## [Task prompt]
Line by line, the data below should be set down unchanged, with images excluded.

## [Data shown]
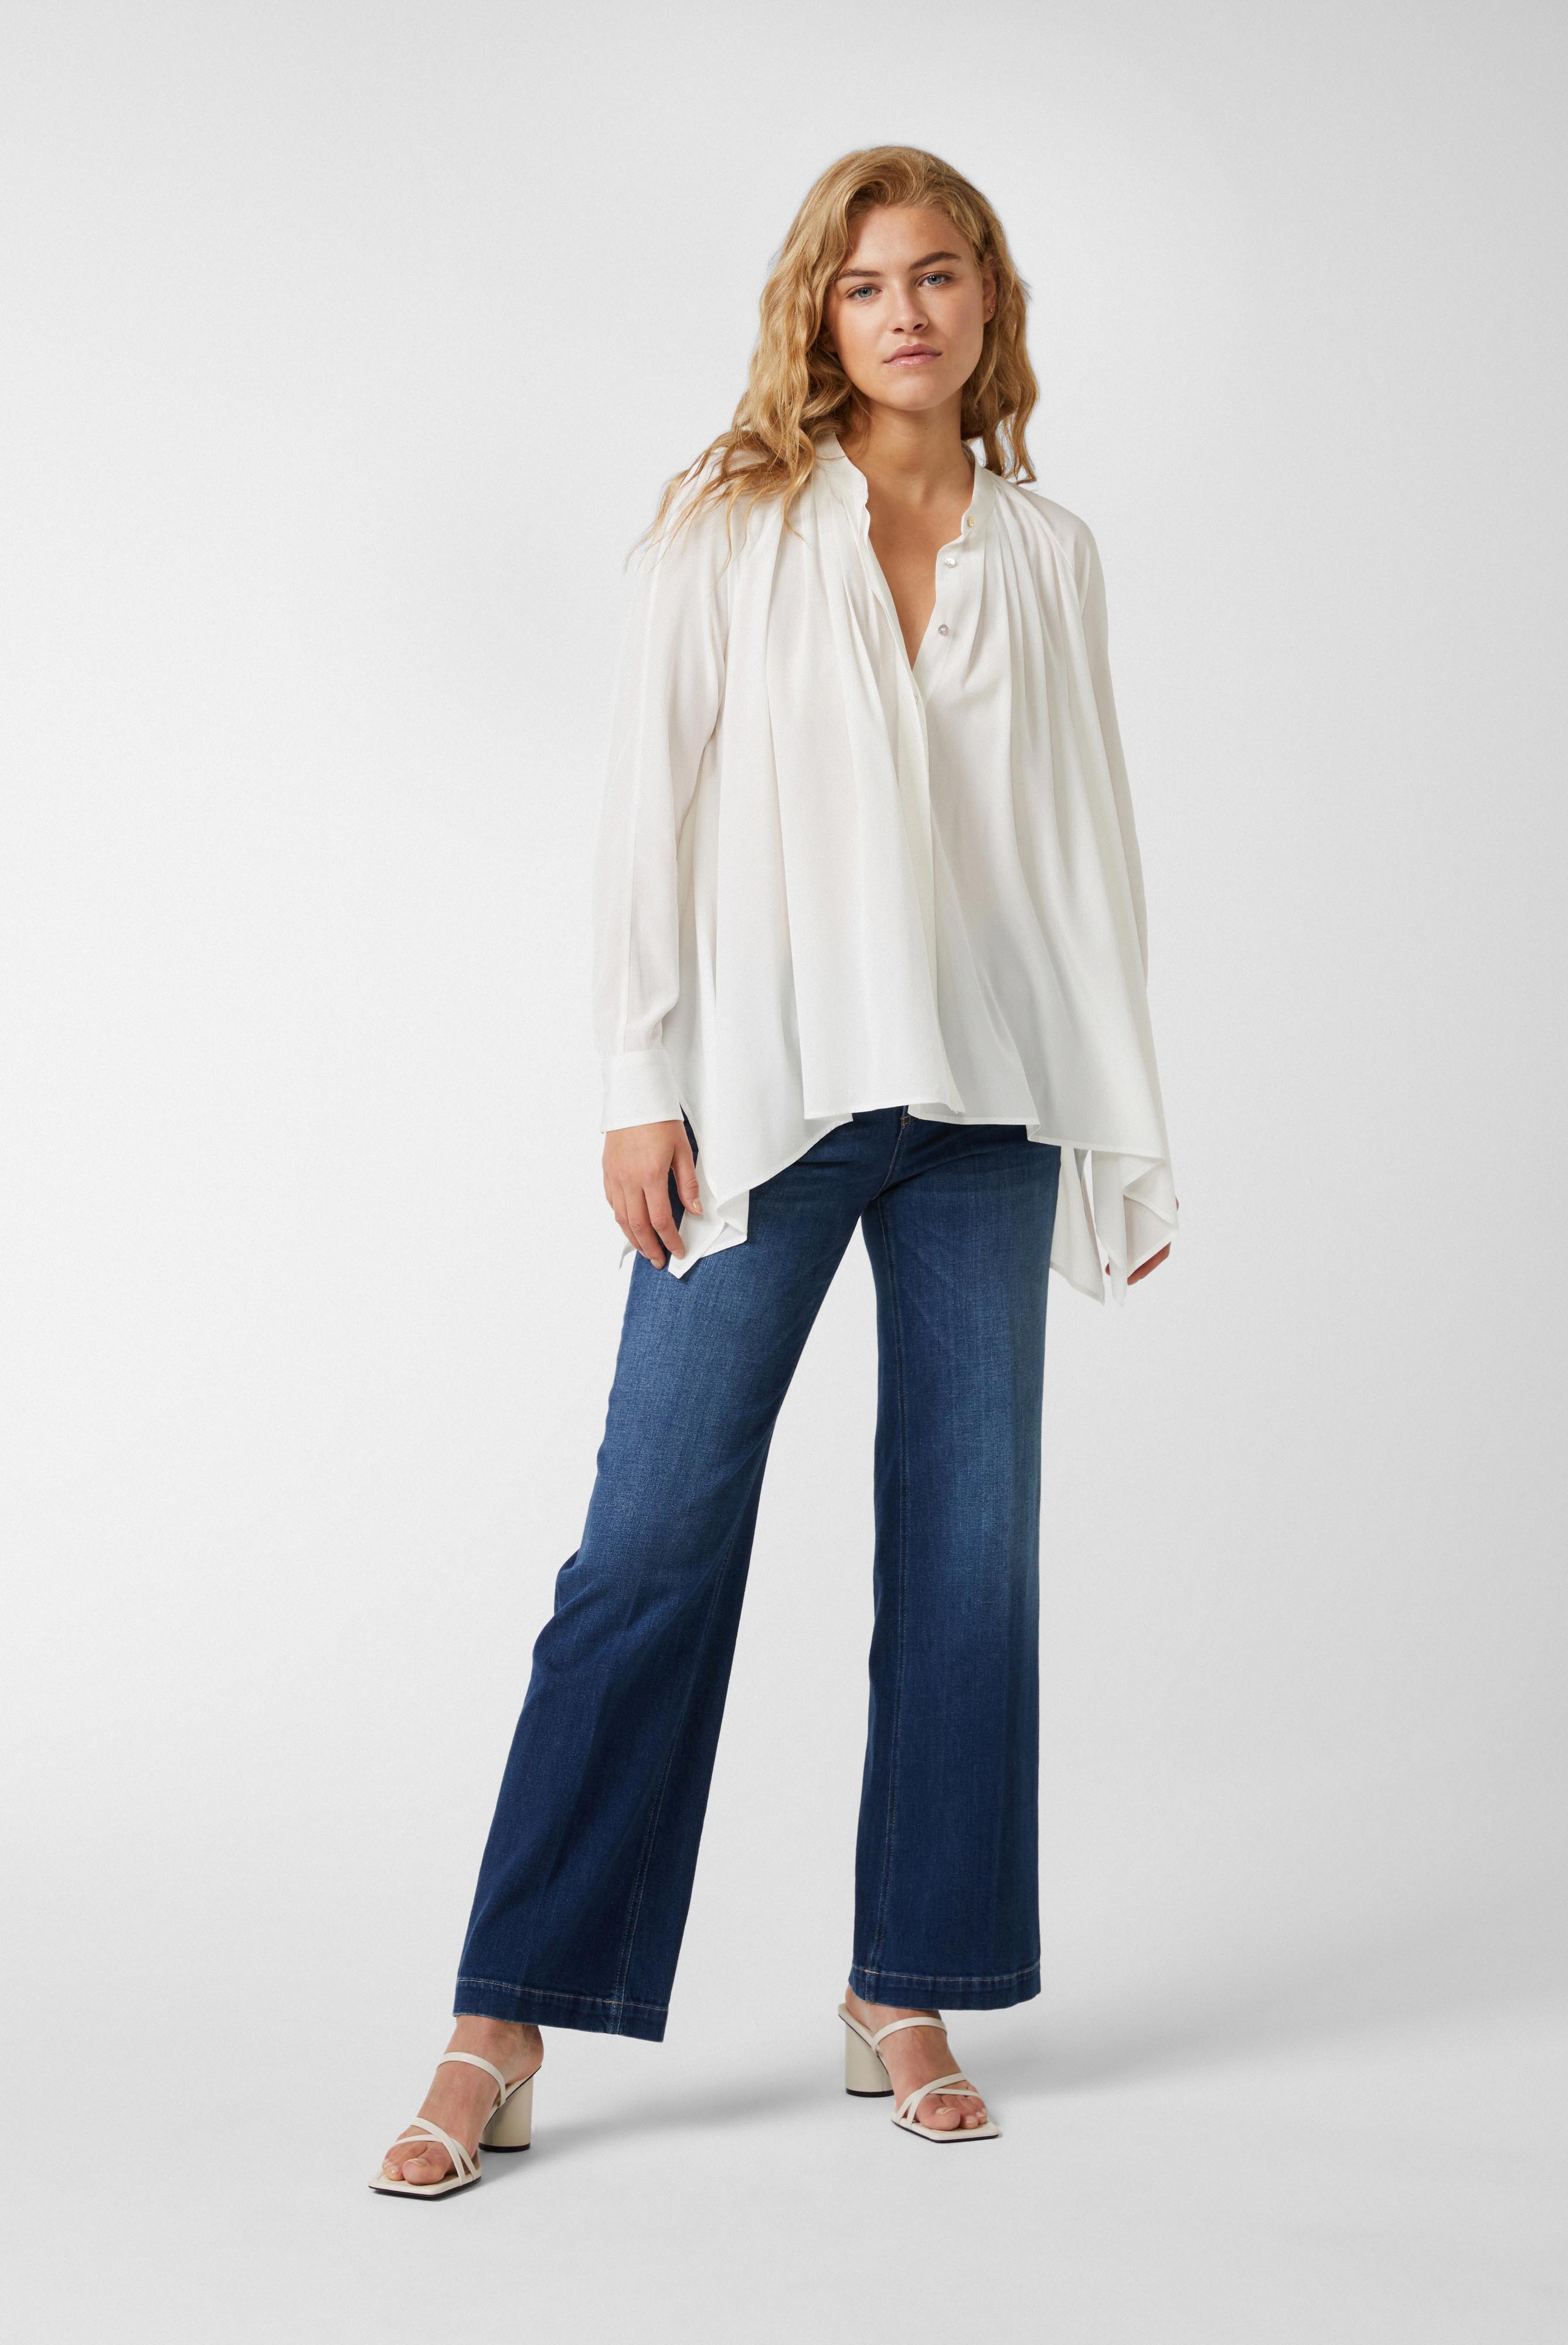 Meisterwerk Blouses+Crepe blouse with asymmetric hem white+05.525P.07.155553.105.40
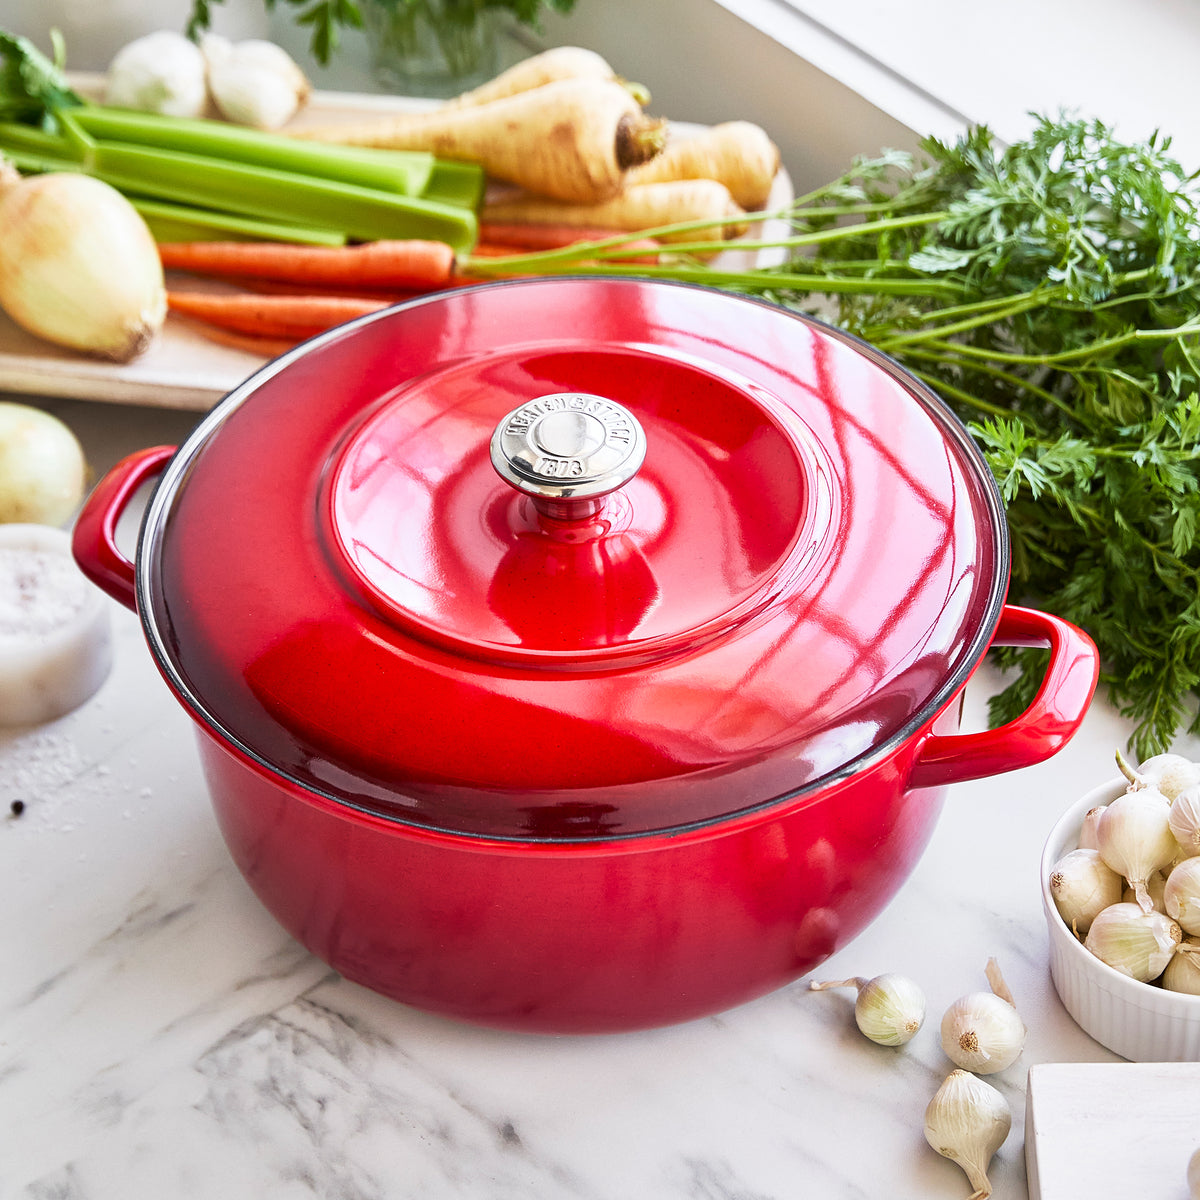 Instant™ Precision 6-quart Dutch Oven Cooking Pot, Red
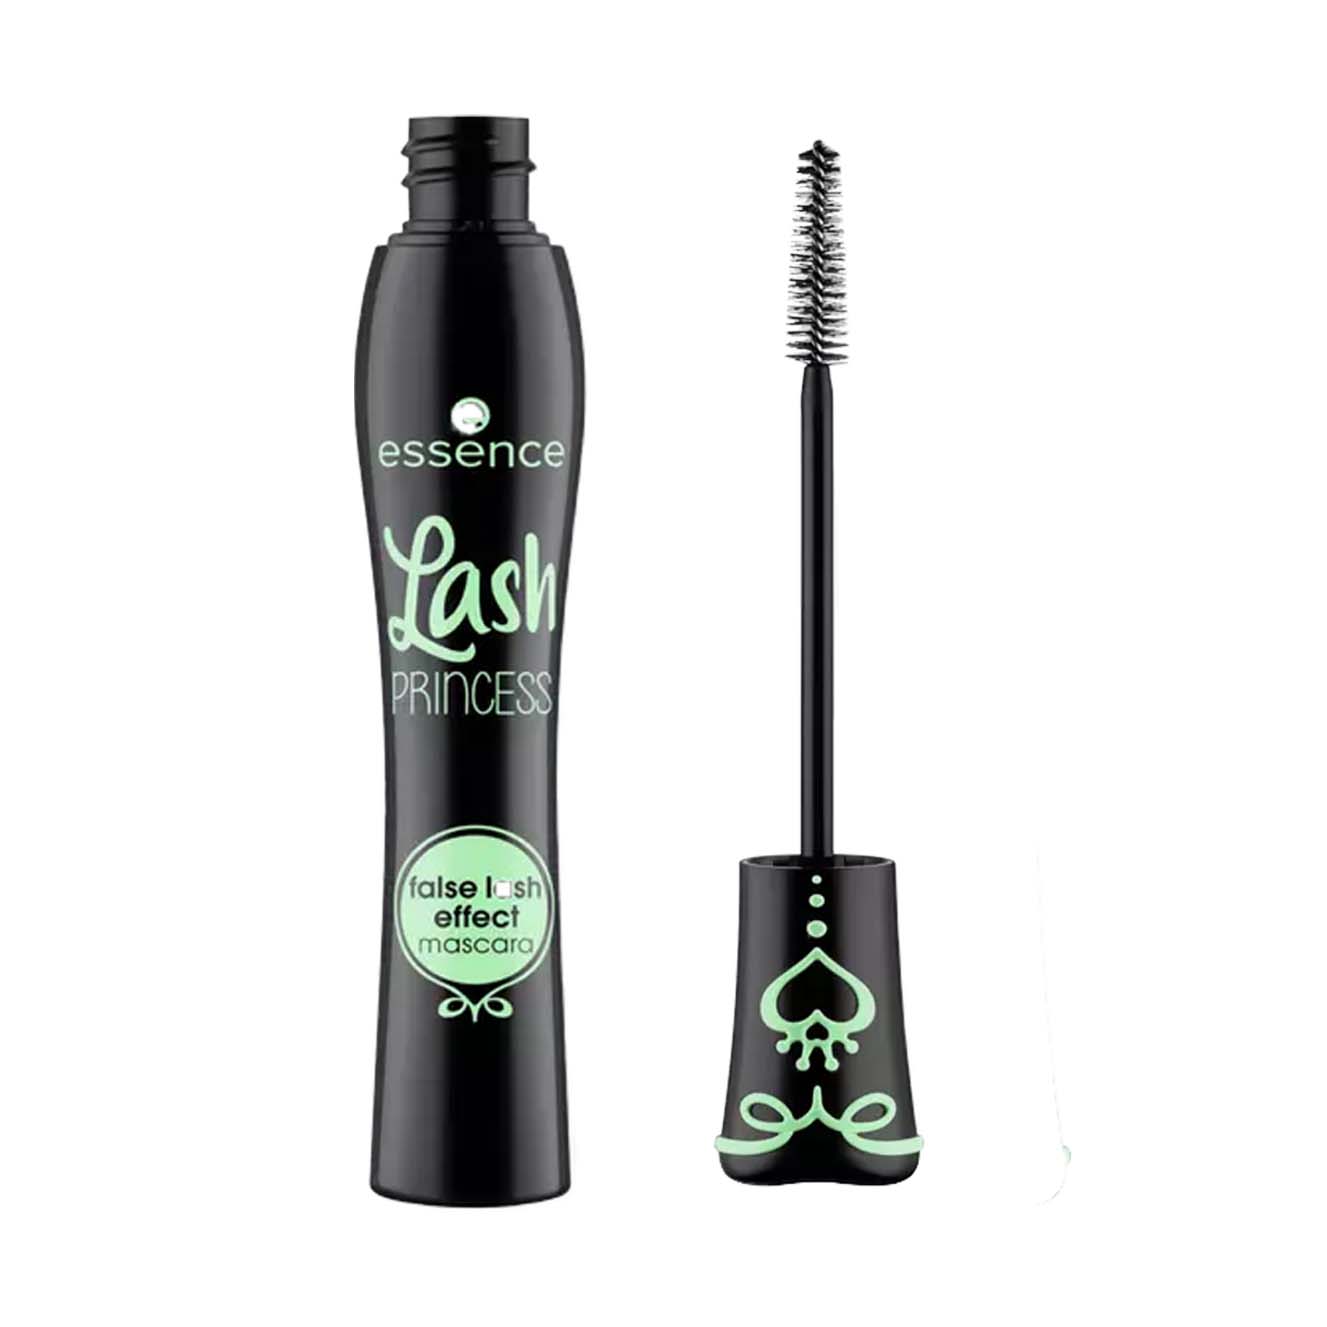 Essence Lash Princess False Lash Effect Waterproof Mascara in black tube with bright green illustrations

## [Answer space]
 Meisterwerk Blouses+Crepe blouse with asymmetric hem white+05.525P.07.155553.105.40
 Instant™ Precision 6-quart Dutch Oven Cooking Pot, Red
 Essence Lash Princess False Lash Effect Waterproof Mascara in black tube with bright green illustrations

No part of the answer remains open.